Consider a two dimensional random walk starting at the bottom left hand corner of an $n$ by $n$ square. At each step you take one step up, down, left or right distance $1$. Each choice has equal and independent probability of $1/4$. The only exception is if the $x$ or $y$ coordinate is $0$ or $n$, that is you are touching a wall of the square. As you never walk outside the square, if you are touching a wall you choose from the available options again with equal probability.
What is the expected time to reach the top right hand corner of the square asymptotic to?
Intuitively it seems that it should take something like $n^3$ time asymptotically but I don't know how to derive this mathematically.

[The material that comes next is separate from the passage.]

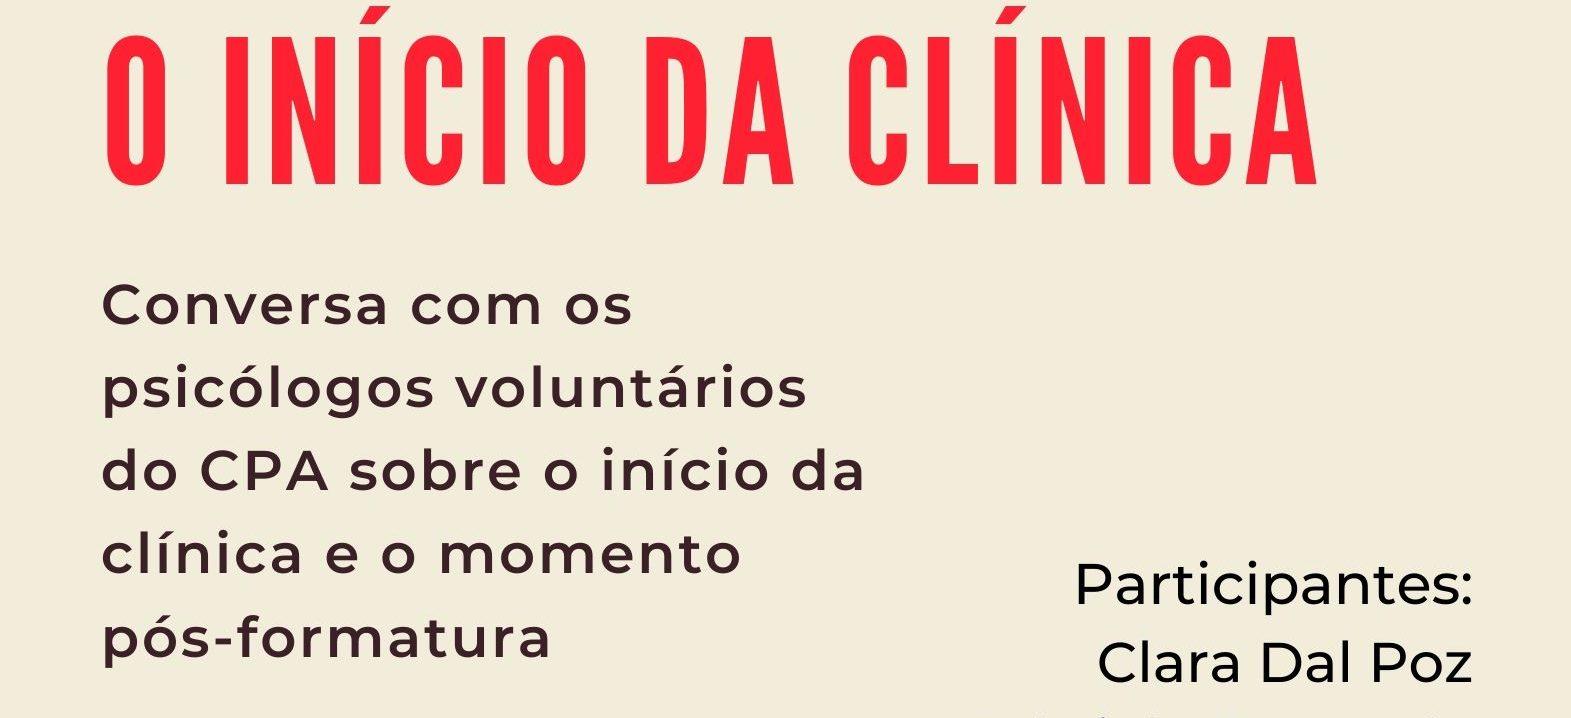 O Início da Clínica: Conversa com os psicólogos voluntários do CPA sobre o início da clínica e o momento pós-formatura

By symmetry, this is $\frac12C_n$ where $C_n$ denotes the commute time between two opposite corners of the discrete square of size $n\times n$. Exact asymptotics of $C_n$ when $n\to\infty$ might be unknown but, for every graph, the commute time $C_{uv}$ between some vertices $u$ and $v$ is $$C_{uv}=2mR_{uv},$$ where $m$ is the total number of edges and $R_{uv}$ the effective resistance between $u$ and $v$. Also, $R_{uv}\leqslant L_{uv}$ where $L_{uv}$ is the length of the shortest path from $u$ to $v$. In the present case $m=2n^2$ and $L_{uv}=2n$ hence $$C_n\leqslant8n^3.$$ On the other hand, for every graph on $k$ vertices, $C_{u,v}\geqslant k\log k\,(1+o(1))$ hence, in the present case, $$C_n\geqslant2n^2\log n\,(1+o(1)).$$ For this and much more, see Random walks on graphs: a survey by László Lovász.
Edit: A careful analysis of the eigenvalues and eigenvectors of the associated Laplacian (see there) shows that, for every $n$, the effective resistance $R_n$ between two opposite corners of the square lattice of size $n\times n$ is such that $$R_n\lt6+4\log n,$$ hence $$C_n\leqslant16n^2\log n+O(n^2).$$